- Born: Canberra, Australia
- Education: B.Sc. Australian National University PhD University of Chicago
- Awards: Charles Schuchert Award (1999) Guggenheim Fellowship (1997) NSF National Young Investigator Award (1992) University Medal (1984) Tillyard Prize (1984)
- Scientific career
- Fields: Paleontology Paleobiology
- Workplaces: University of California, Los Angeles (1991–1999) Harvard University (1999–2009) University of California, Berkeley (2010–)

= Charles R. Marshall =

Australian paleobiologist

Charles Richard Marshall is an Australian paleobiologist and the director of the University of California Museum of Paleontology, where he is also a professor in the department of Integrative Biology at the University of California, Berkeley.

==Career==
Marshall graduated with honours in Palaeontology, Mathematics, and Zoology from the Australian National University in 1984 (B.Sc., 1st Class Honours), and received his Ph.D. in Evolutionary Biology from the University of Chicago in 1989, with paleobiologist David M. Raup and cell biologist Hewson Swift as his advisors. He then did an NIH (NRSA) postdoc with evolutionary developmental biologist Rudy Raff at Indiana University from 1989 to 1991. He taught at UCLA from 1991 to 1999, except for the period of his Guggenheim Fellowship spent at the Smithsonian Institution, at Harvard from 1999 to 2009, where he was also a curator at the Museum of Comparative Zoology, and at UC Berkeley since 2010, for which period he has also been director of the UCMP, replacing interim director Roy L. Caldwell.
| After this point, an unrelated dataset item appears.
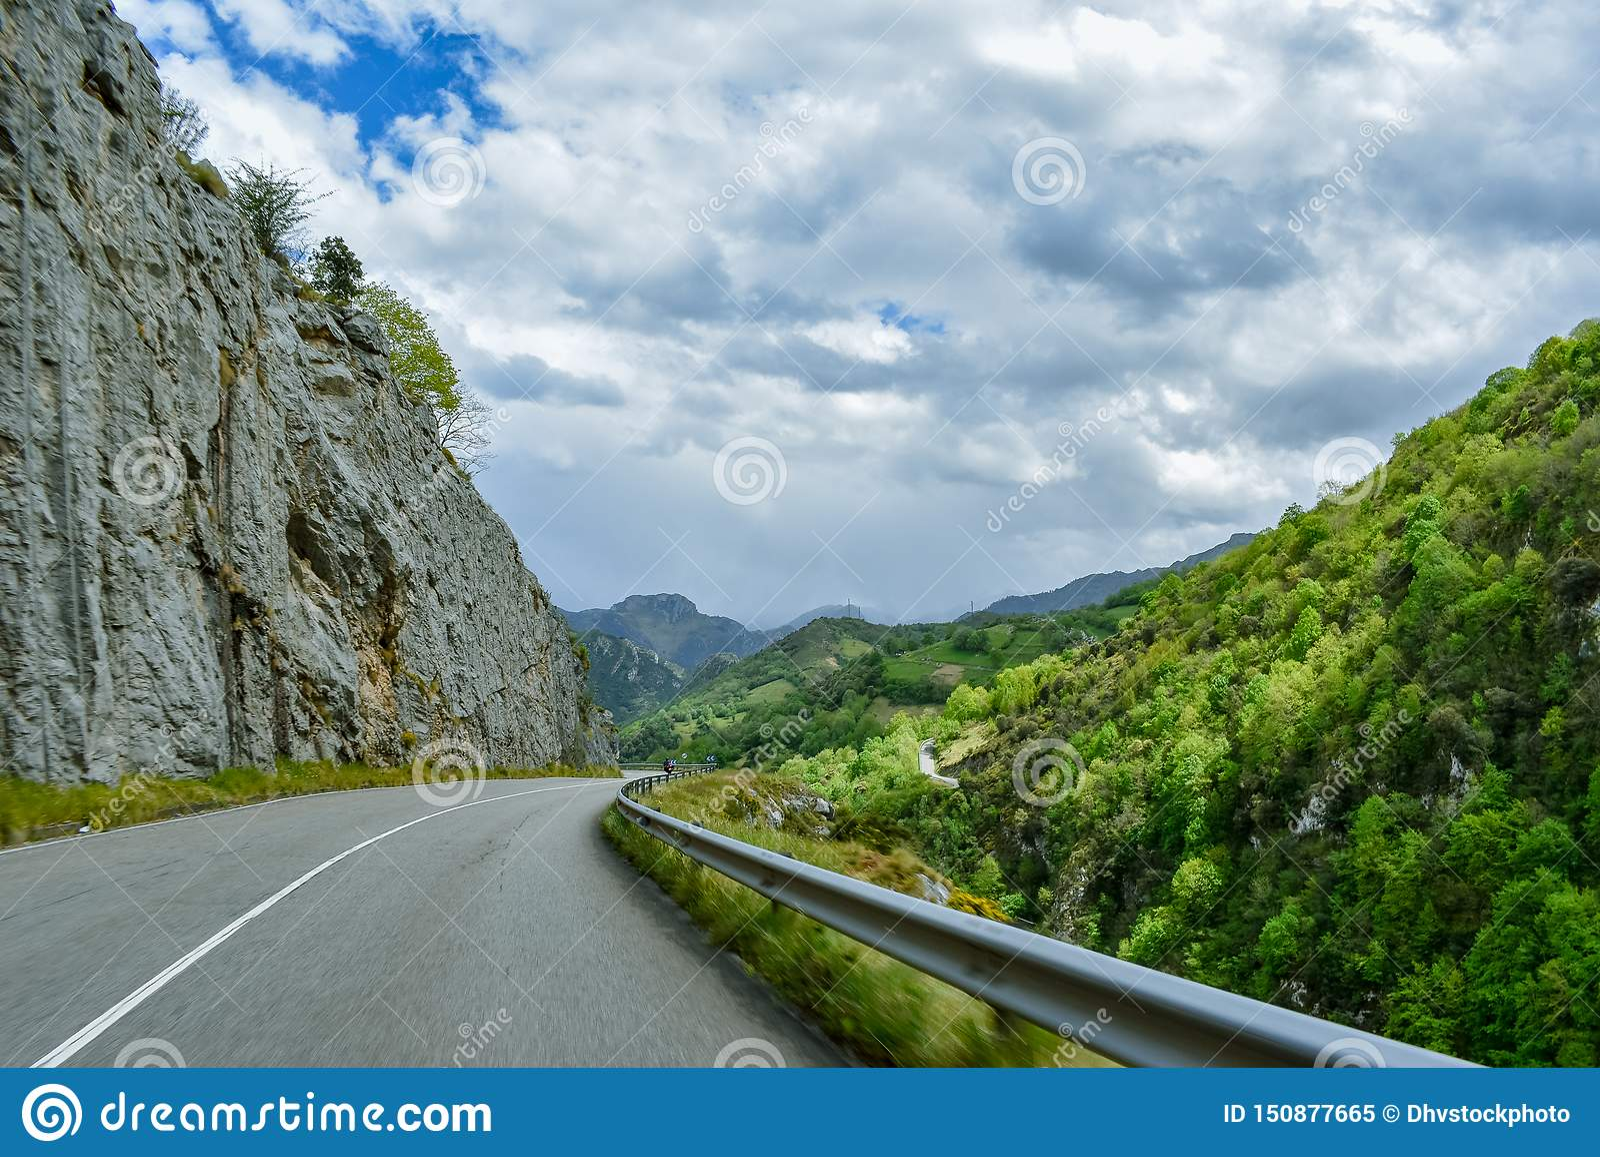 Auto-Geschwindigkeitsempfindung auf einer Gebirgsstraße, Asturien

He has been on the Board of Reviewing Editors for Science since 2009.

==Research==
Marshall's first prominent work was on using confidence intervals to better estimate the full stratigraphic range of a lineage. This work led him to propose with Peter Ward that the fossil record of the Mollusca suggested that the extinction at the Cretaceous-Paleogene boundary may have been due in part to marine regression. It also led to revised estimates of the origination times and fidelity of the fossil record for various lineages, including primates and orchids (with the description of Meliorchis). In 1993, he found empirical evidence for exceptions to Dollo's law of irreversibility with Elizabeth and Rudolf Raff. His studies on diversity through time included being a Principal Investigator on the grant that led to the creation of the Paleobiology Database with John Alroy. He has also worked on major transitions in the history of life, including the Cambrian explosion.